■ **Assignment**: Compute how many lines below contain the word "Polo" and respond with that number only.

■ **Extracted information**:
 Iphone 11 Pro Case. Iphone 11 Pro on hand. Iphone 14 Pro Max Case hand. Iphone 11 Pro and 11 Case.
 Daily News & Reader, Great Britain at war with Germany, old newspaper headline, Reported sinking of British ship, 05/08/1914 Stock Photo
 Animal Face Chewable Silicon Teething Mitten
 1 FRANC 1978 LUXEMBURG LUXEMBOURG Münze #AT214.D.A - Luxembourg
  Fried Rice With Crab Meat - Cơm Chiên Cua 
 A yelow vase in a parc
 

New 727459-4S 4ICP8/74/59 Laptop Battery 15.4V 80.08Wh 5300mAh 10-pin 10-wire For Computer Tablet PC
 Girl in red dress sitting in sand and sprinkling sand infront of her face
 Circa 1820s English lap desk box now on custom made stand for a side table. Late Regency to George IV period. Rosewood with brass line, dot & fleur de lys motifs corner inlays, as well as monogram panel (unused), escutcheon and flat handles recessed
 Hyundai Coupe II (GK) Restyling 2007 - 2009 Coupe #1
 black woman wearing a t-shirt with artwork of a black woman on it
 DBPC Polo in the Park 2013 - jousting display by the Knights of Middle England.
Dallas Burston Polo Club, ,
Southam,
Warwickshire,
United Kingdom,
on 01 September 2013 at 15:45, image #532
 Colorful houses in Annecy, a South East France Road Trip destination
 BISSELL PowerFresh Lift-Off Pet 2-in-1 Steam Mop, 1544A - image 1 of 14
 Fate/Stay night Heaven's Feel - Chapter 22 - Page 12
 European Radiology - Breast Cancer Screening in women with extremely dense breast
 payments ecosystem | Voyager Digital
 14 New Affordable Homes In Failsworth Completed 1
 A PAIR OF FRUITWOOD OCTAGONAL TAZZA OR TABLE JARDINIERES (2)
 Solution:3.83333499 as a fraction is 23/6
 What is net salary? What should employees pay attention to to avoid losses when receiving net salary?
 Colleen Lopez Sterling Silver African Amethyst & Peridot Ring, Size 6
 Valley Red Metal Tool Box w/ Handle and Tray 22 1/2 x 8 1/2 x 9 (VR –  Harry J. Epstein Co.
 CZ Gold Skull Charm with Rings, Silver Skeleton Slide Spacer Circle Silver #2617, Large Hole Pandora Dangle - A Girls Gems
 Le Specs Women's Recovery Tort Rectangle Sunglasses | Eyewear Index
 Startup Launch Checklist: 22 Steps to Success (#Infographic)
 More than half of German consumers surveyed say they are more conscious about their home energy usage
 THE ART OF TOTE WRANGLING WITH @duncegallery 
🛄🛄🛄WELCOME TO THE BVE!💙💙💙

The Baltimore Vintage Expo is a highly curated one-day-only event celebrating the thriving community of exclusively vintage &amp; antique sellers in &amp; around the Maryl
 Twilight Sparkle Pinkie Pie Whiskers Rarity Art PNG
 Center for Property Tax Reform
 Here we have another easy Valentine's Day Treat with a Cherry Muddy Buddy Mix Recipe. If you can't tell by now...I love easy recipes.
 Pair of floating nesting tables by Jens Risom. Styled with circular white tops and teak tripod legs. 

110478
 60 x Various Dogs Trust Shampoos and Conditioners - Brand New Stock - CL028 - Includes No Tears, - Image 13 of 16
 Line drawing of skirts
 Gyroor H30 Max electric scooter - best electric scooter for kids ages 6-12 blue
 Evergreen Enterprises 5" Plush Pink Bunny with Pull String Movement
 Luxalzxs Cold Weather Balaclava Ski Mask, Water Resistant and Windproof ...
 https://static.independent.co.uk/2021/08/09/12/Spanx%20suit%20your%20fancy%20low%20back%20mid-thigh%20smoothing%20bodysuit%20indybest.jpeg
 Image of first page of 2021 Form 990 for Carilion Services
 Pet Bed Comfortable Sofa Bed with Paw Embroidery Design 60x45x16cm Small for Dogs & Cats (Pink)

■ **Answer space**: 2